_Directions_: Repeat the data exactly, please; no pictures belong in the copy.
══ Information supplied ══
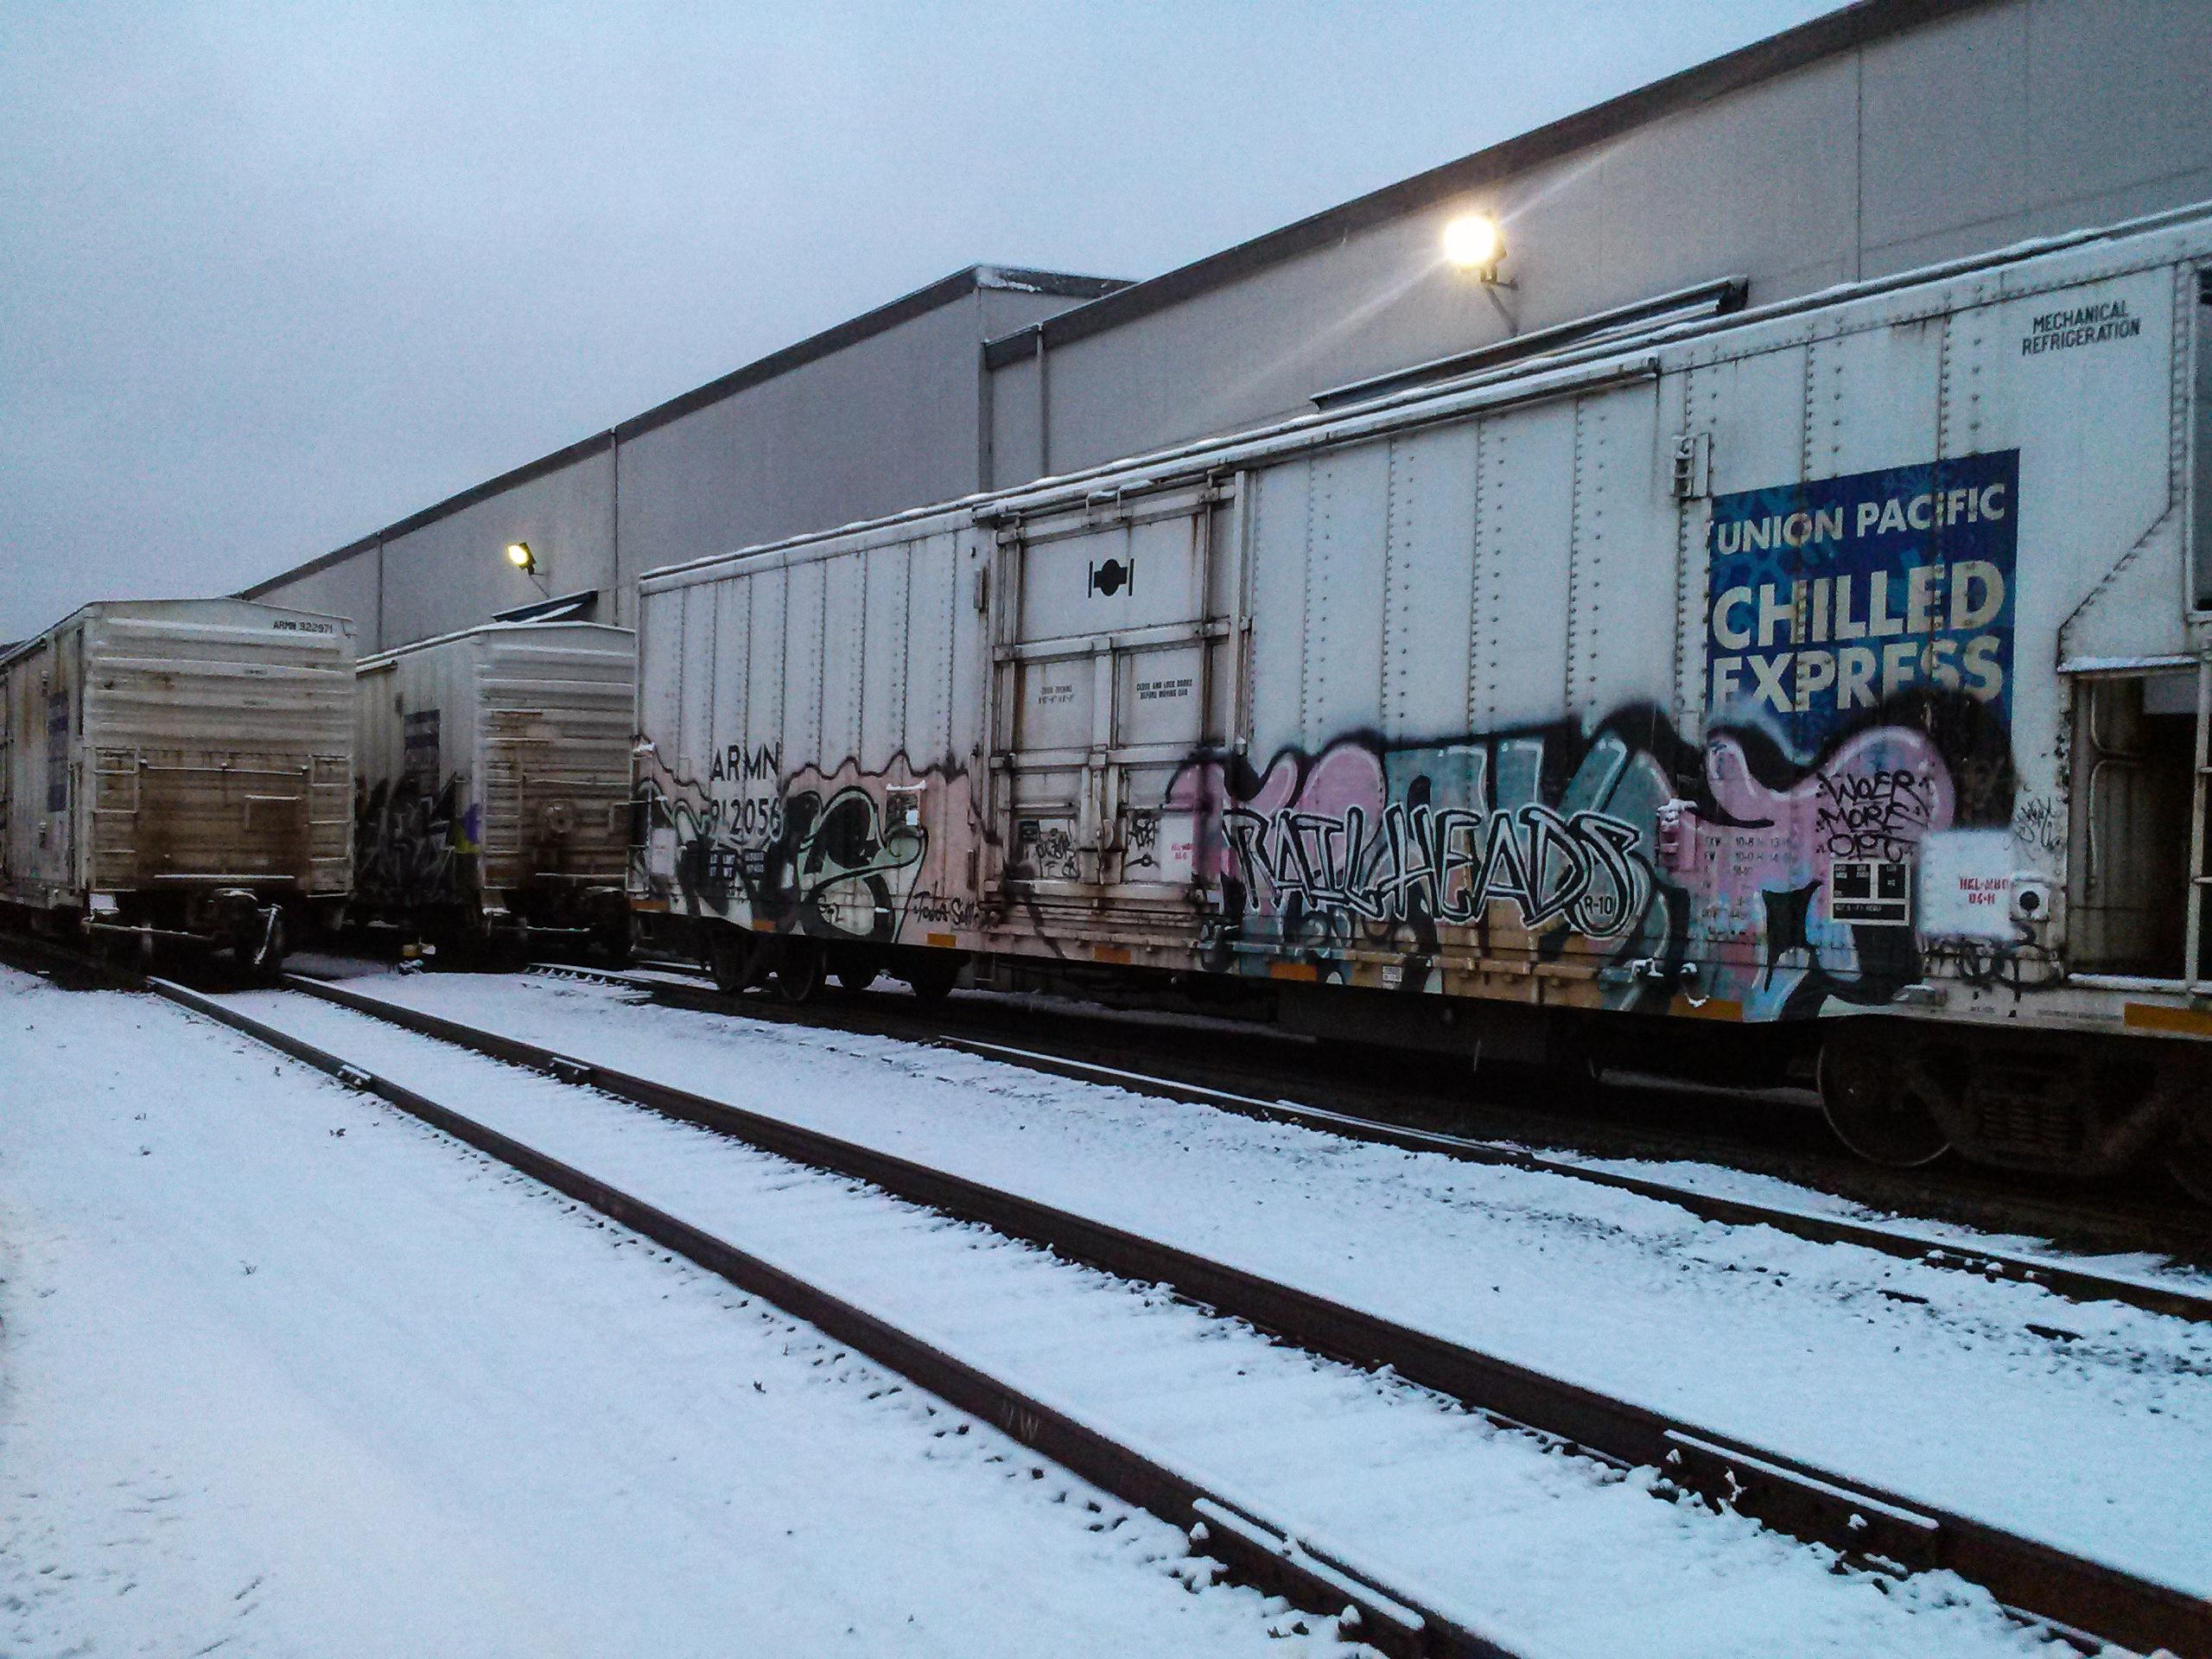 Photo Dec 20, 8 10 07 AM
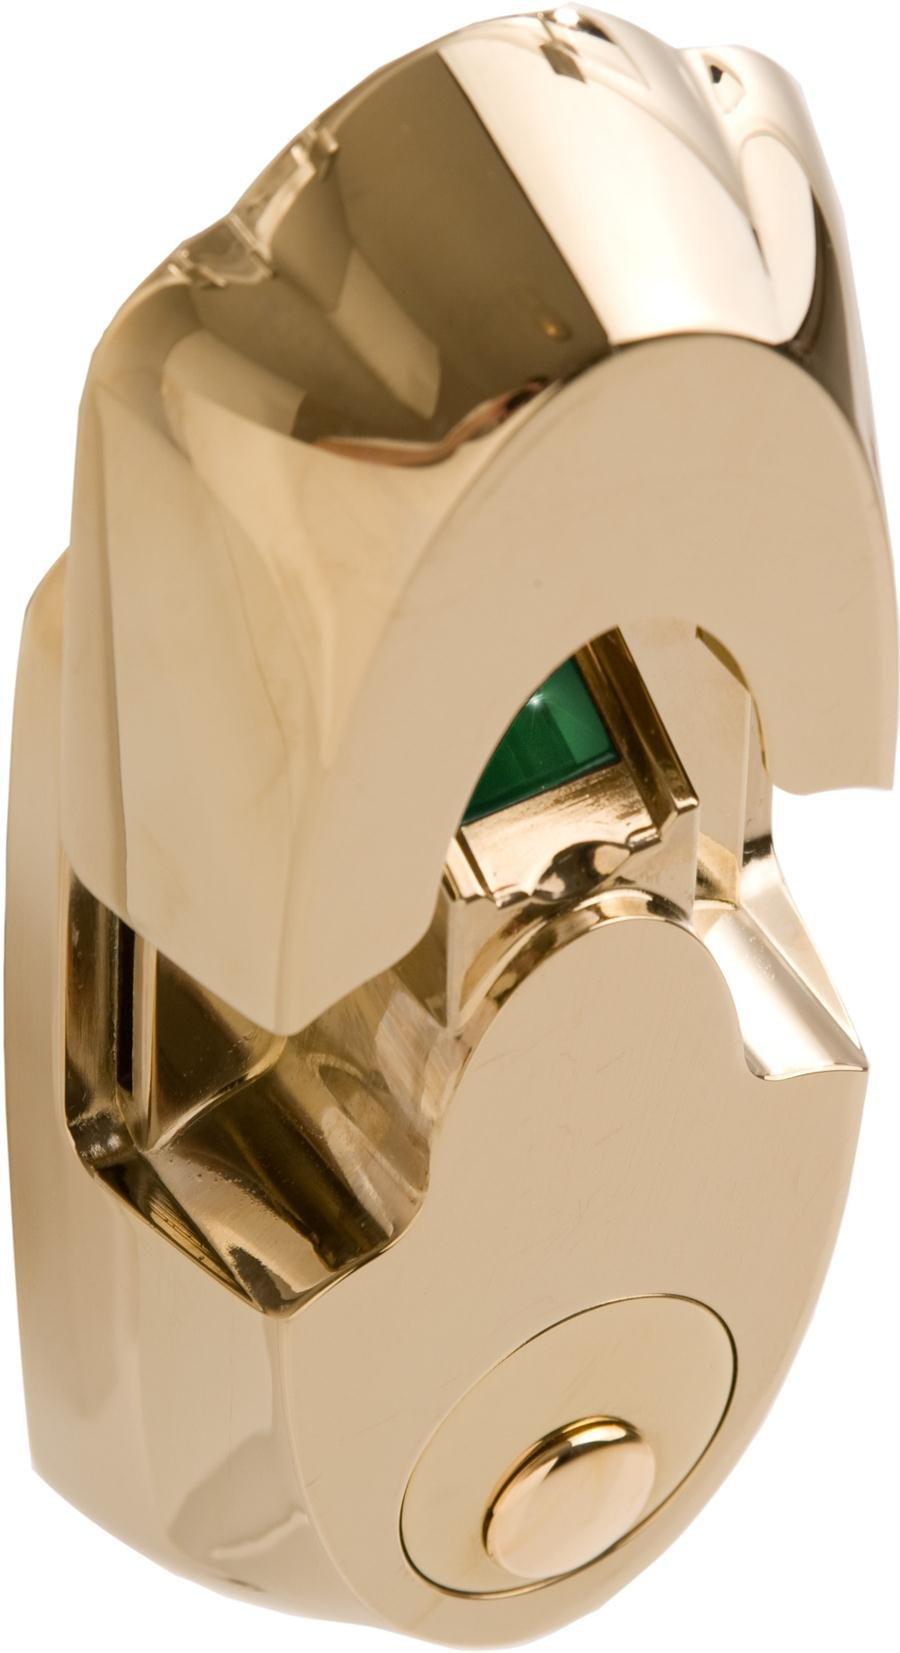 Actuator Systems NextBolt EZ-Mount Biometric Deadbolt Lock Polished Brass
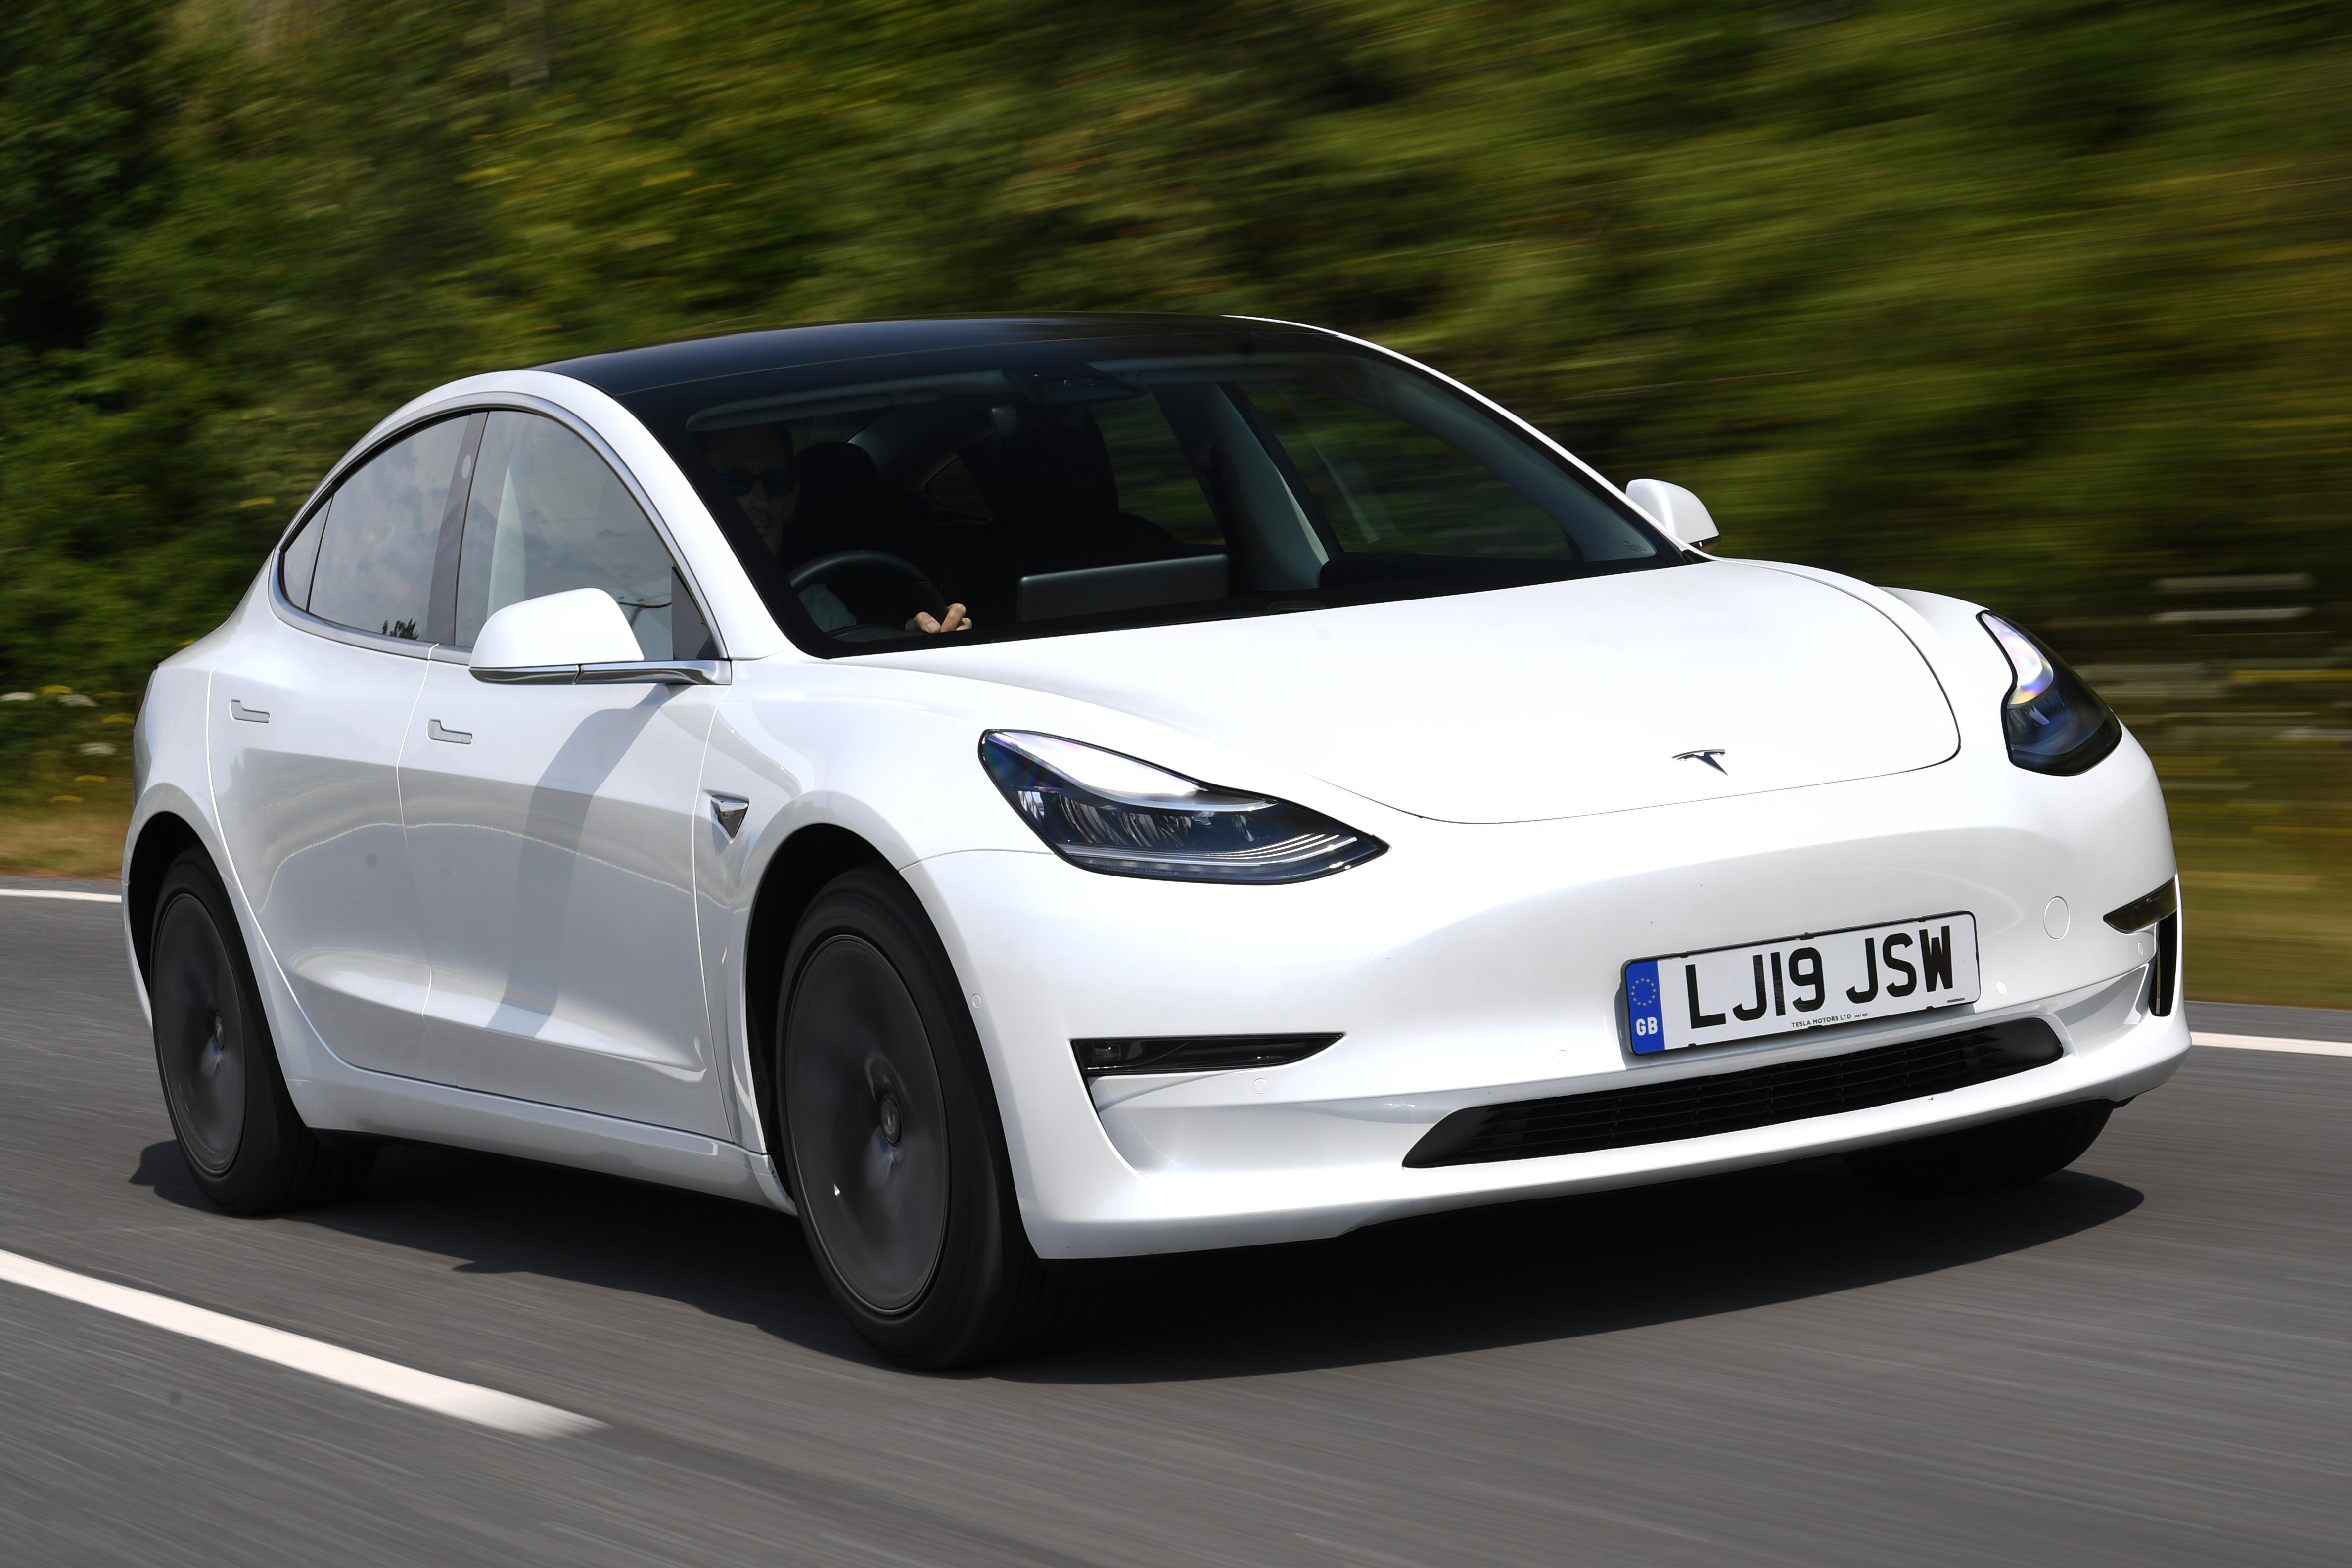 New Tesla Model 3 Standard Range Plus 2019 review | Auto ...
═══
_Response for this exercise_:
 Photo Dec 20, 8 10 07 AM
 Actuator Systems NextBolt EZ-Mount Biometric Deadbolt Lock Polished Brass
 New Tesla Model 3 Standard Range Plus 2019 review | Auto ...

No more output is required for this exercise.